У меня односпальная кровать, застеленная розовым постельным бельем. Маленькая комната, спрятанная за прачечной, пожалуй, наиболее напоминает детскую спальню из всех мест, где мне приходилось ночевать. Оказаться в подобном, столь похожем на детское и принадлежащем одному тебе пространстве – странным образом утешительно. На миг мне перестает казаться, что я в коммуне, которую называют опасным культом, контролирующим сознание, или даже в милой фермерской деревне. Ненадолго у меня возникает ощущение, словно с меня смыло всю ответственность, какая у меня была, – нет ни моей команды, ни фильма, ничего, кроме меня самой и этой розовой кровати. Мысль действует подобно приему ксанакса: я падаю на кровать в одежде и засыпаю глубоким сном.
* * *
На следующий день Натаниэль возит меня по территории коммуны на своем гольф-каре, объясняя, как у них все устроено. Голос у него глубокий, низкий, с восхитительным южным выговором. То, как он говорит, похоже на слова закадрового рассказчика в кино: «Вся эта земля была бесплодна, когда мы прибыли сюда». Разумеется, Натаниэль предпочитает именно такую формулировку: «бесплодна». Чудесно, драматично, как раз то, что сказал бы голливудский повествователь.
Мы встаем в пять, чтобы заснять на пленку утренний урожай, мчимся с детьми в поля, чтобы поймать сбежавших свиней; помогаем покормить цыплят и лошадей. Во время сбора ягод мы слышим истории о том, чем дети планируют «заняться», когда вырастут. Одни хотят остаться на этой ферме, другие мечтают пойти в университет, а некоторые просто пока не знают.
Чая прилипла ко мне как банный лист. Мы блуждаем с ней в лесу, посещаем вместе урок рисования, и она рассказывает, каково расти в «Роуз Крик».
Я узнаю, как Чая представляет себе Бога – «у него есть плащ и большие усы и куча одетых в фиолетовое помощников». Каково видеть, как твоя мать рожает в гостиной – «захватывающе, но липко и склизко». Что происходило, когда власти пришли в общину забрать детей.
У Чаи в отношении всего есть собственное мнение, она резкая и честная девочка. В один из дней она даже поделилась со мной историей о том, почему ее родители вообще оказались в «Роуз Крик»: «Мама и папа присоединились к группе, потому что у них были проблемы с наркотиками и алкоголем», – говорит она как ни в чем не бывало. Родители Чаи переехали сюда, должно быть, в надежде обрести друзей, поддерживающее сообщество и безопасность. В этой коммуне у них есть рамки, а у их детей – свобода.

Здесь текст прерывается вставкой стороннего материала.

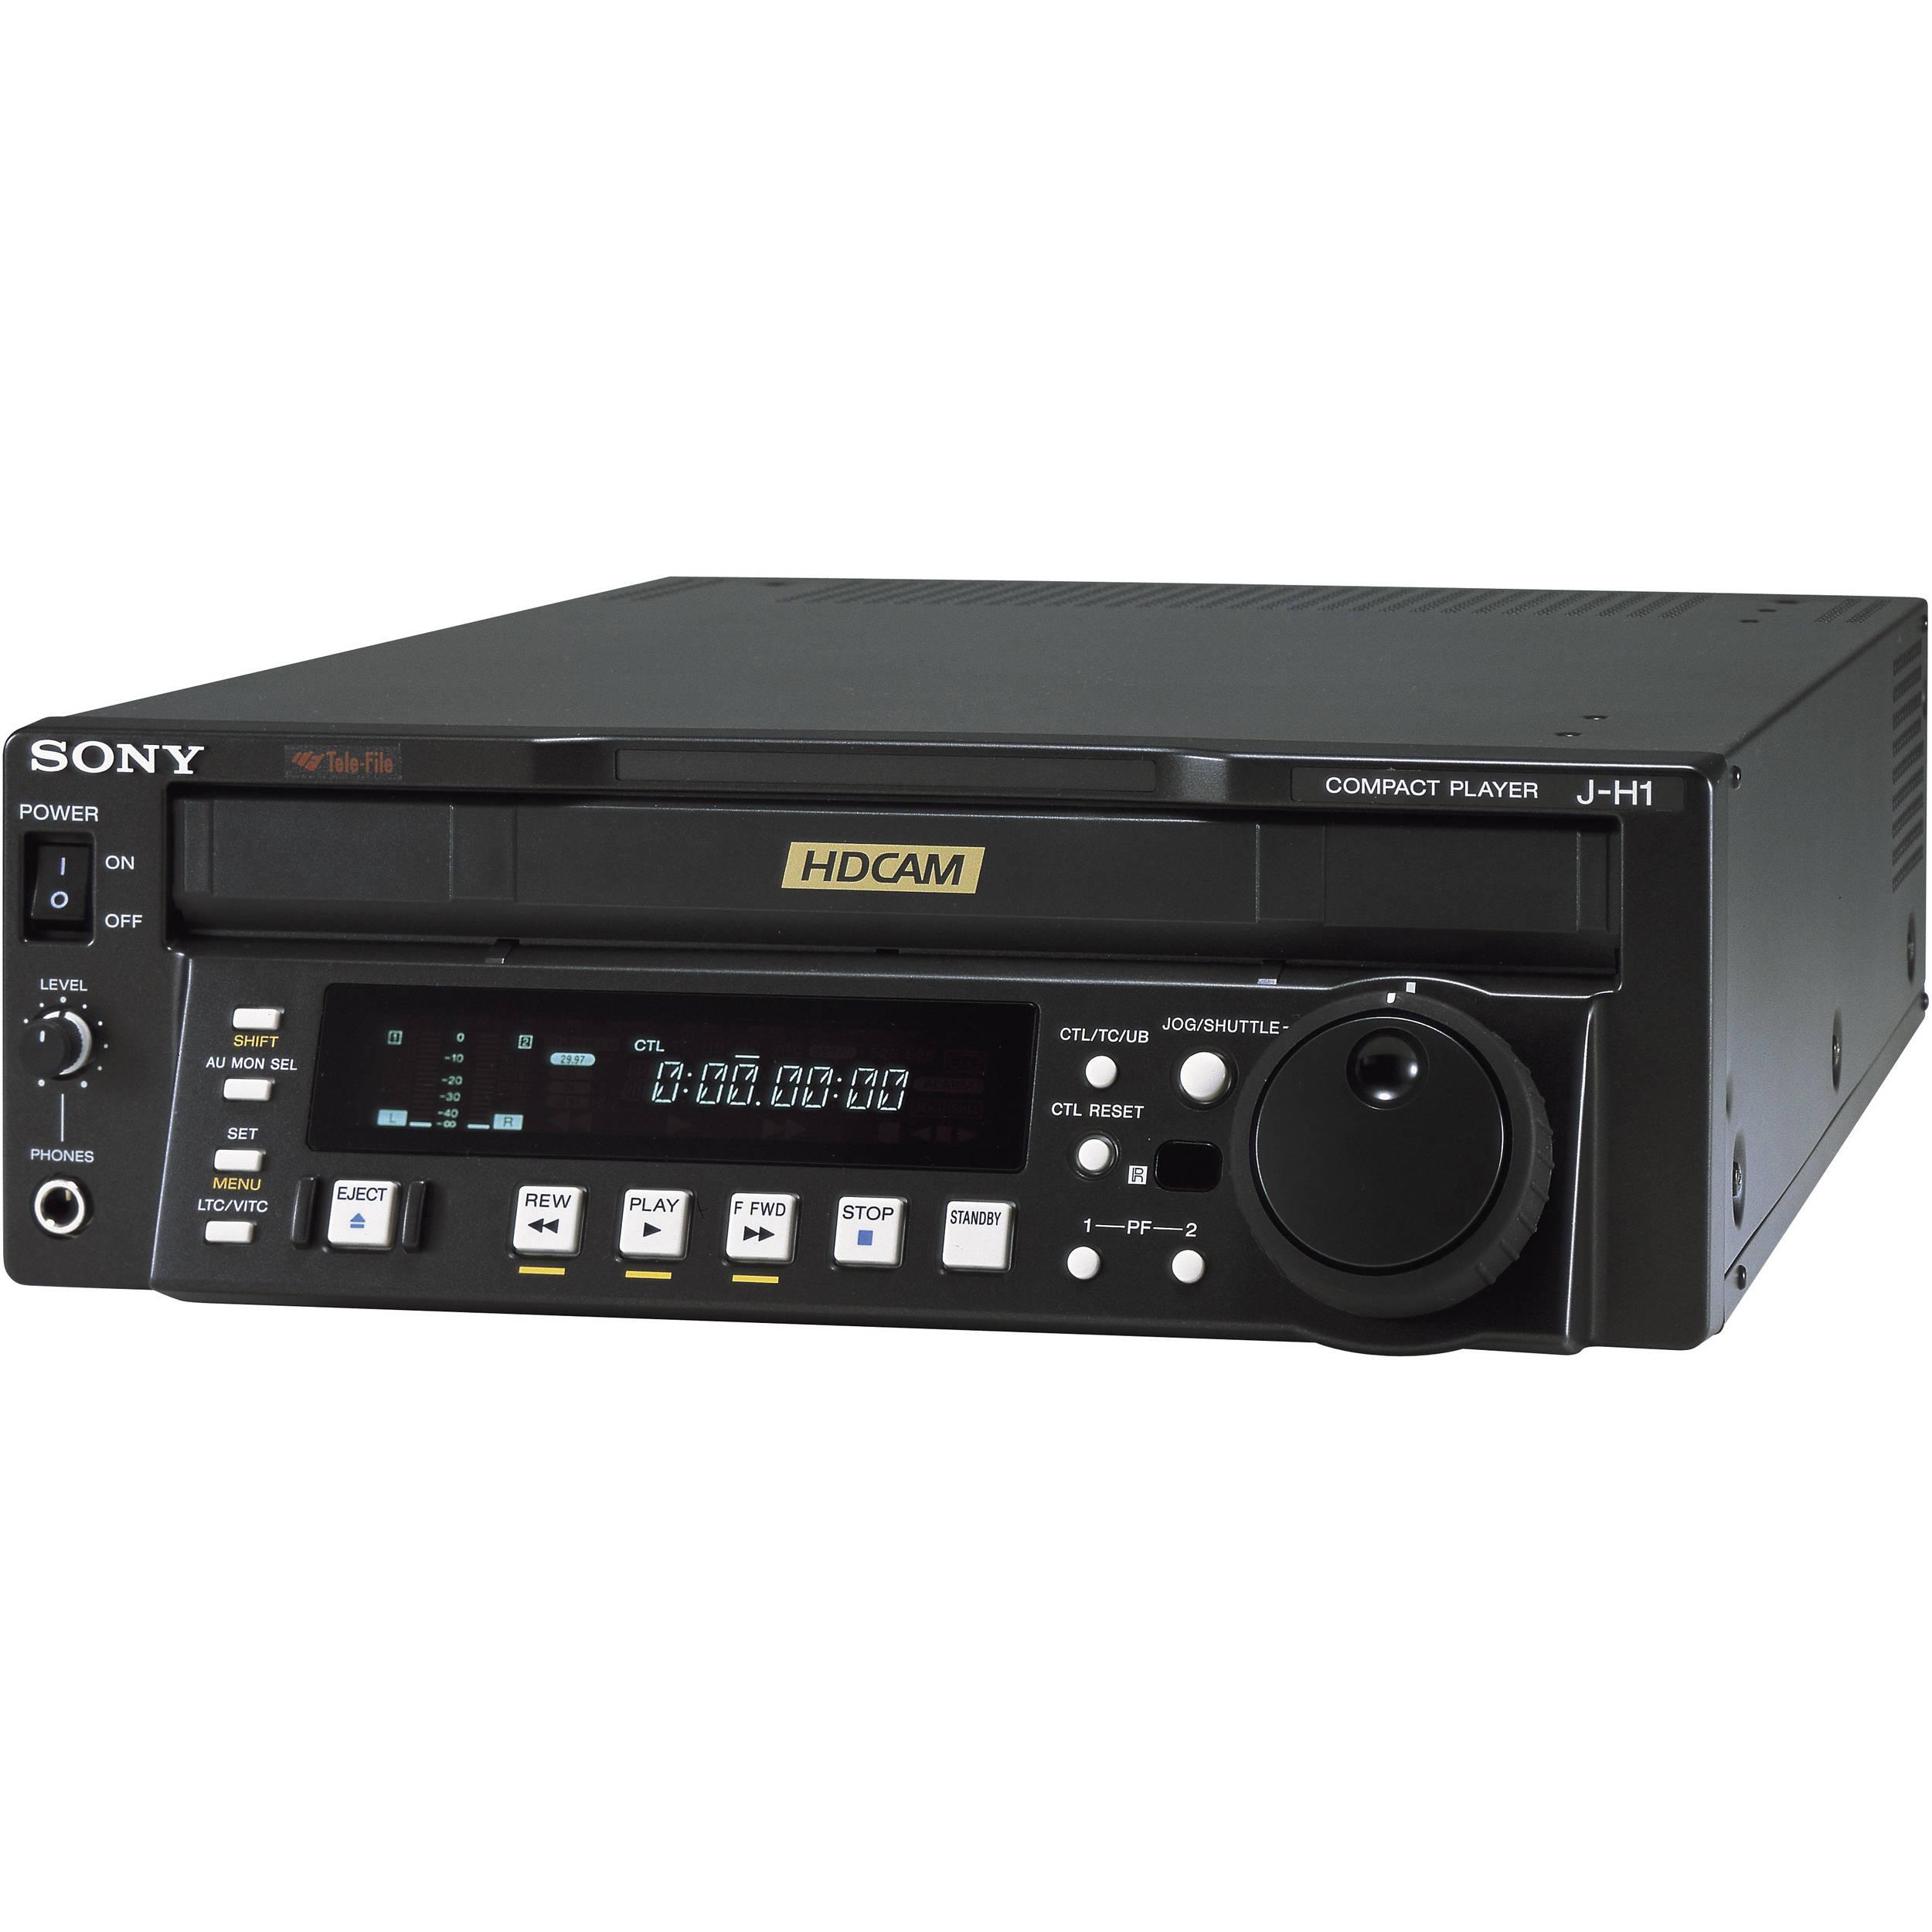 sony jh 1 hdcam digital video cassette player jh1 b h photo rh bhphotovideo com DPX300U Manual Sony M 80 Manual

Еще одна семья, с которой мы проводим время, до «Роуз Крик» была членами меноннитской группы. Менонниты – секта «чистых людей», которым не разрешается петь, музицировать и даже держать в домах цветы (считается, что это «слишком тщеславно»). У семьи, с которой мы познакомились, одиннадцать детей, и они пришли сюда в поисках более свободной жизни. Система верований и свое сообщество у них уже были. В меноннитской общине они чувствовали себя «духовно раздавленными». Мне рассказывают о том, как мать вынуждена была прятать свои цветные юбки, боясь, что ее подвергнут остракизму, а впервые услышав музыку в «Роуз Крик» и не имея представления, что это такое, их дети зажали руками уши и закричали.